Information shown:
-*-*-

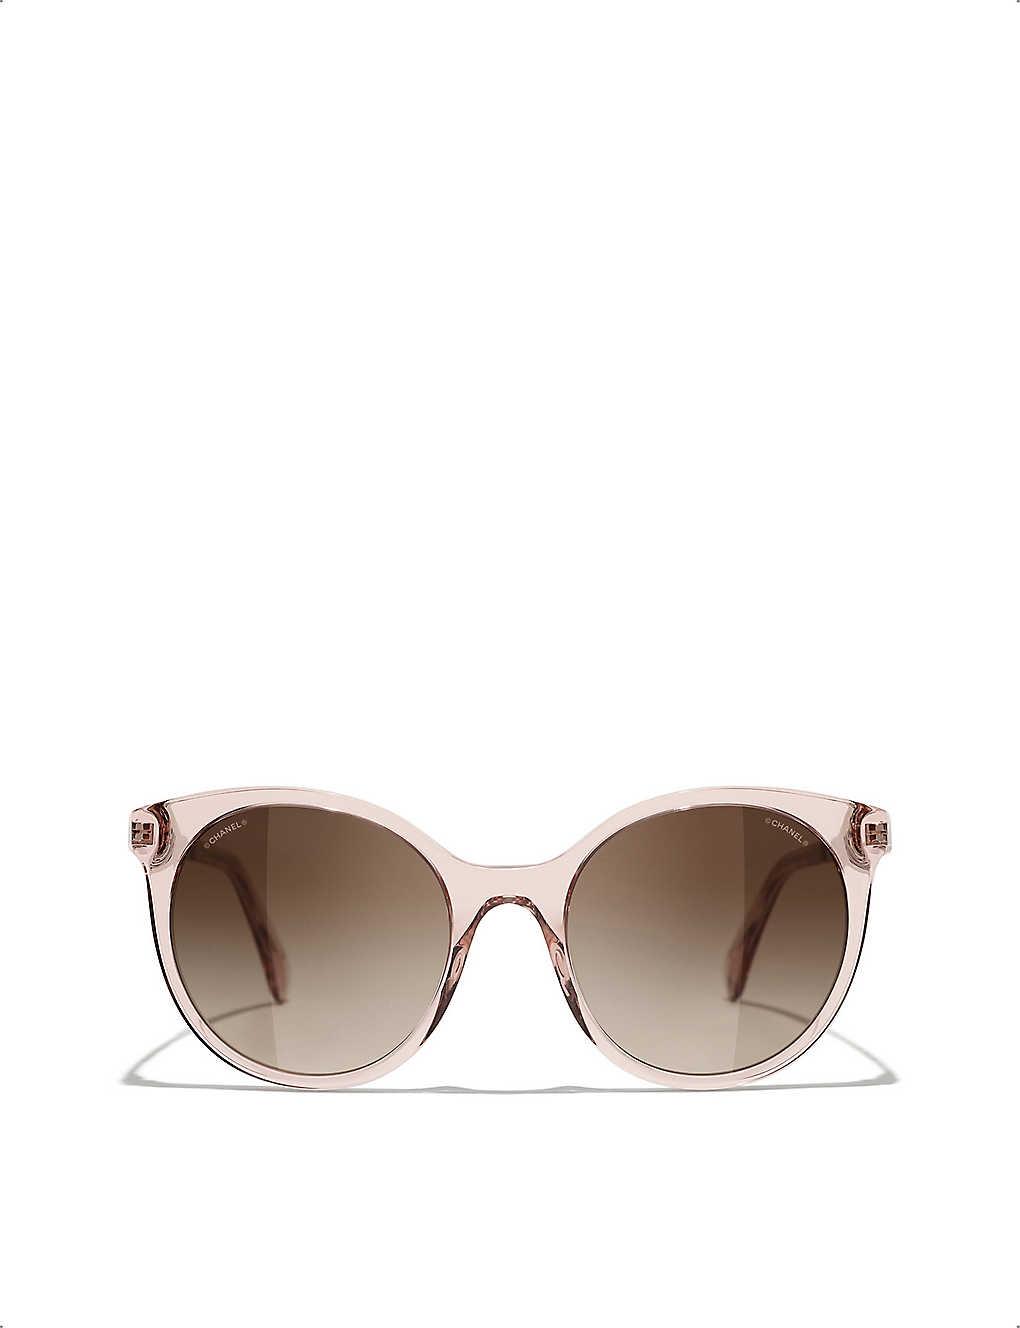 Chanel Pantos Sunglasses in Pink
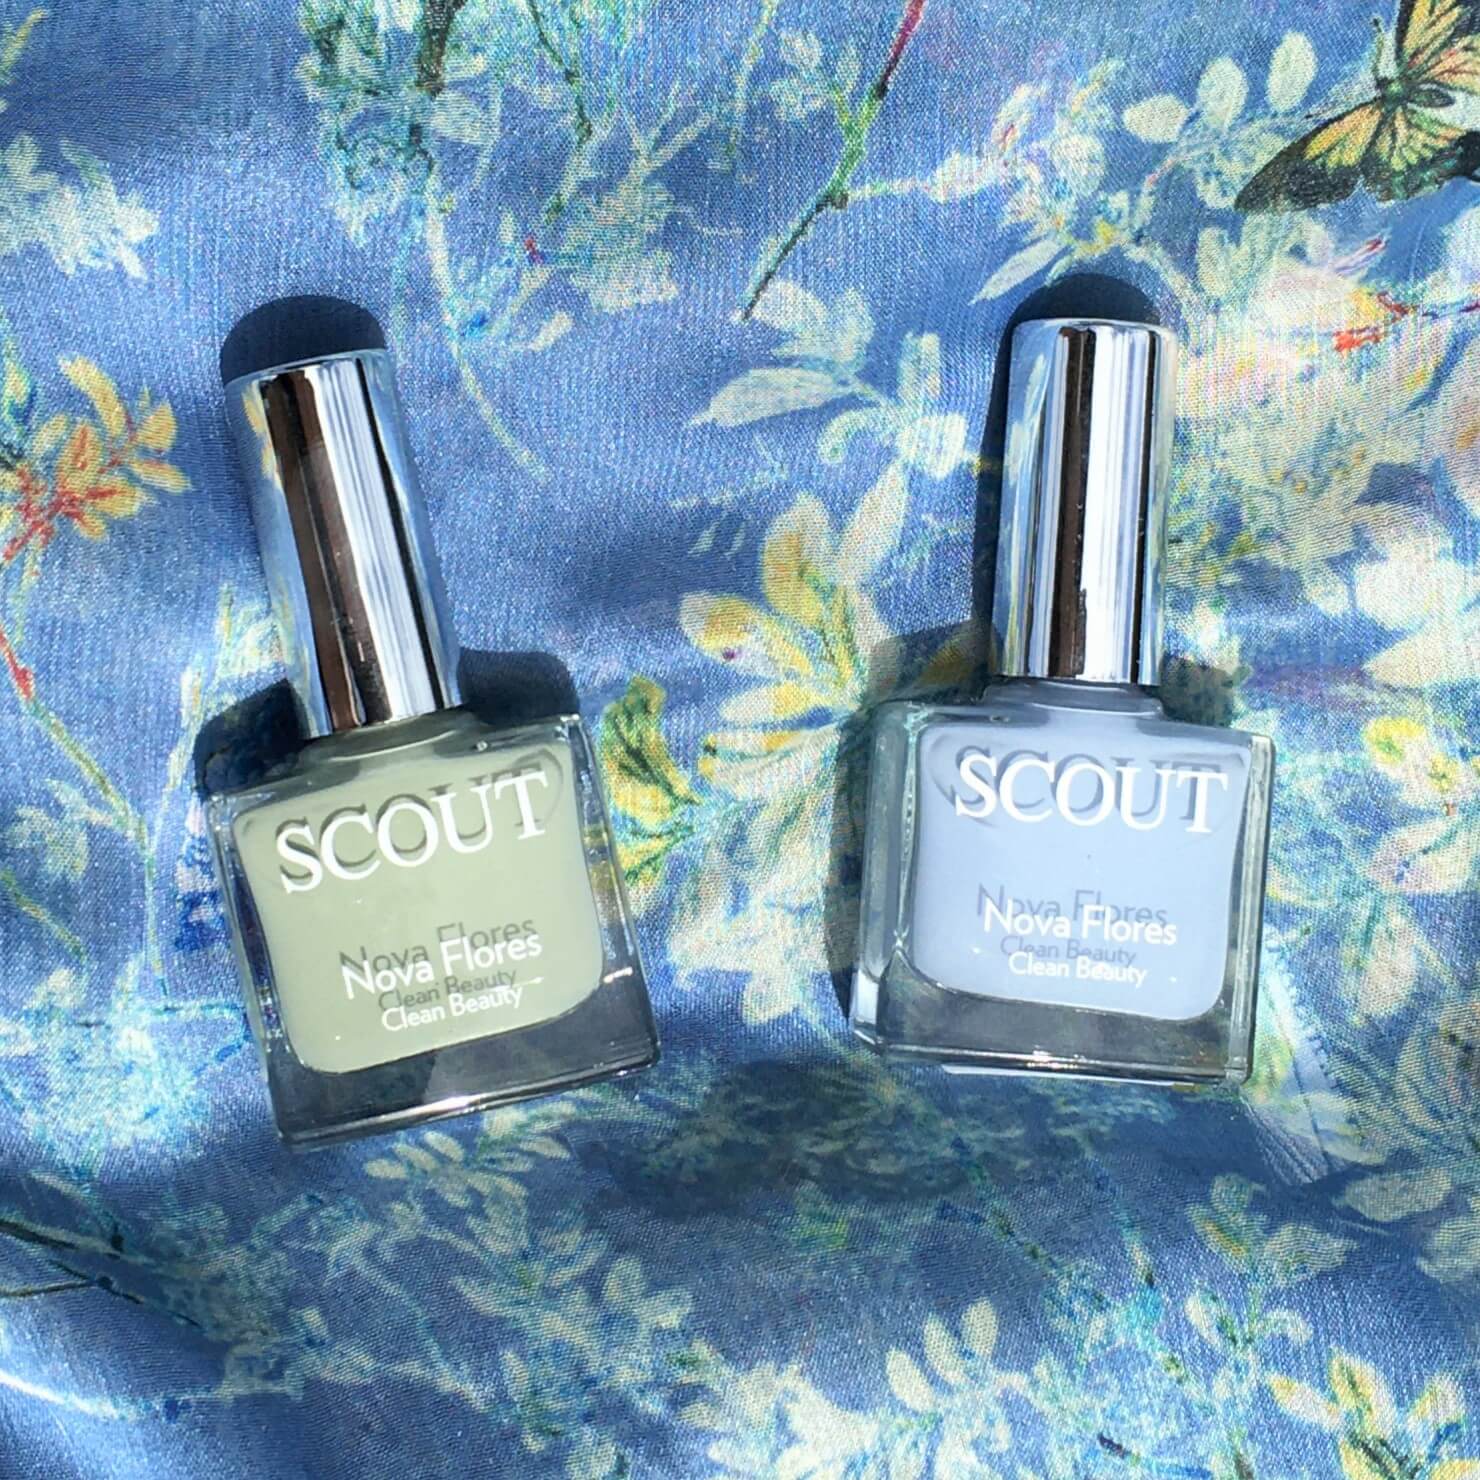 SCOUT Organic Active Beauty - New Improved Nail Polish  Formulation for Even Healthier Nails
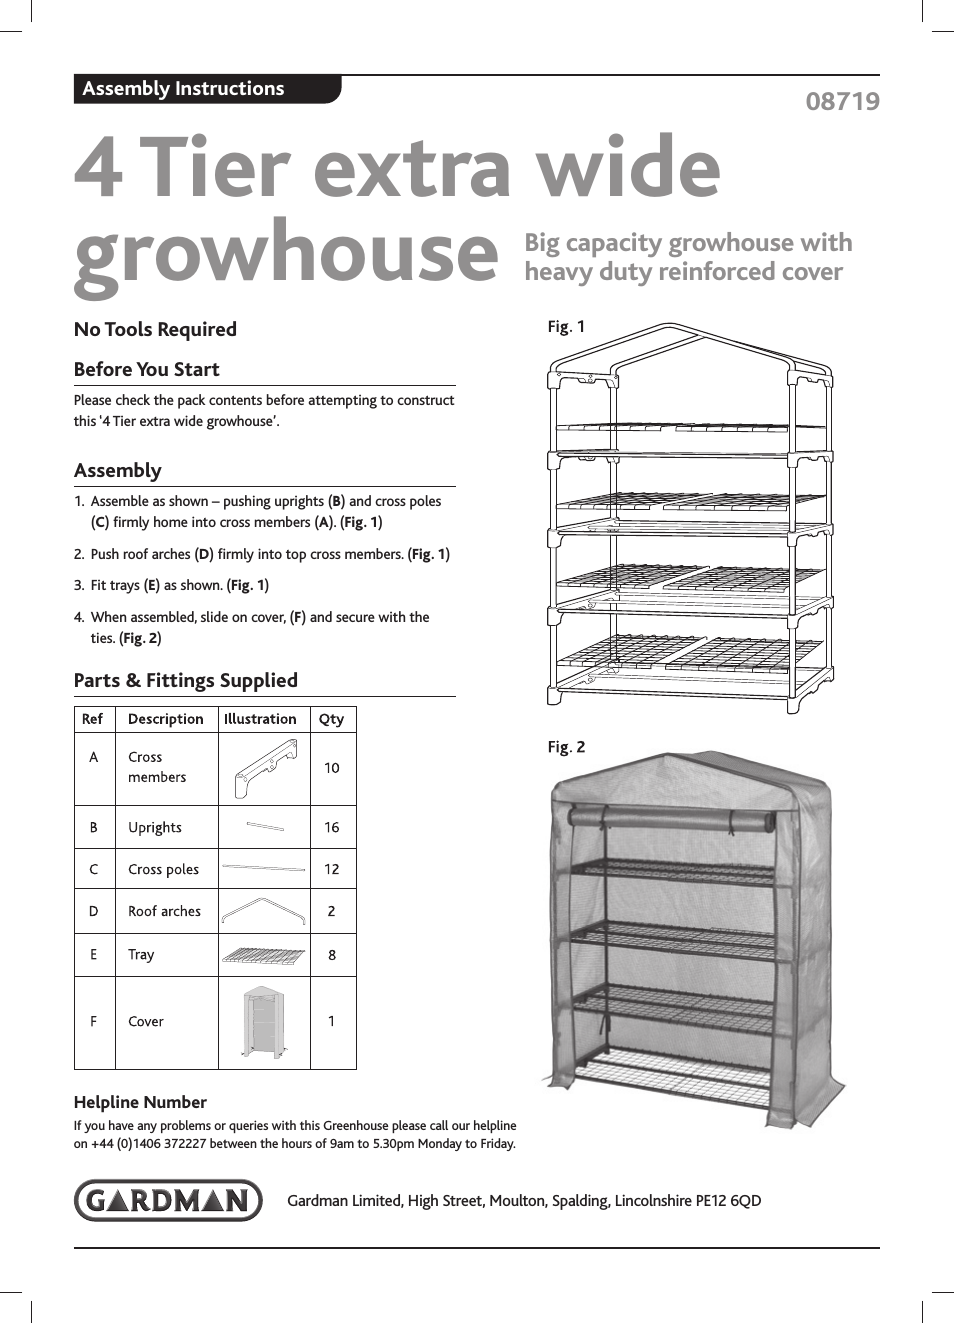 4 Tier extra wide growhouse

-*-*-

Repeat the listing in full and exactly. Do not include any images.

Solution for this task:
 Chanel Pantos Sunglasses in Pink
 SCOUT Organic Active Beauty - New Improved Nail Polish  Formulation for Even Healthier Nails
 4 Tier extra wide growhouse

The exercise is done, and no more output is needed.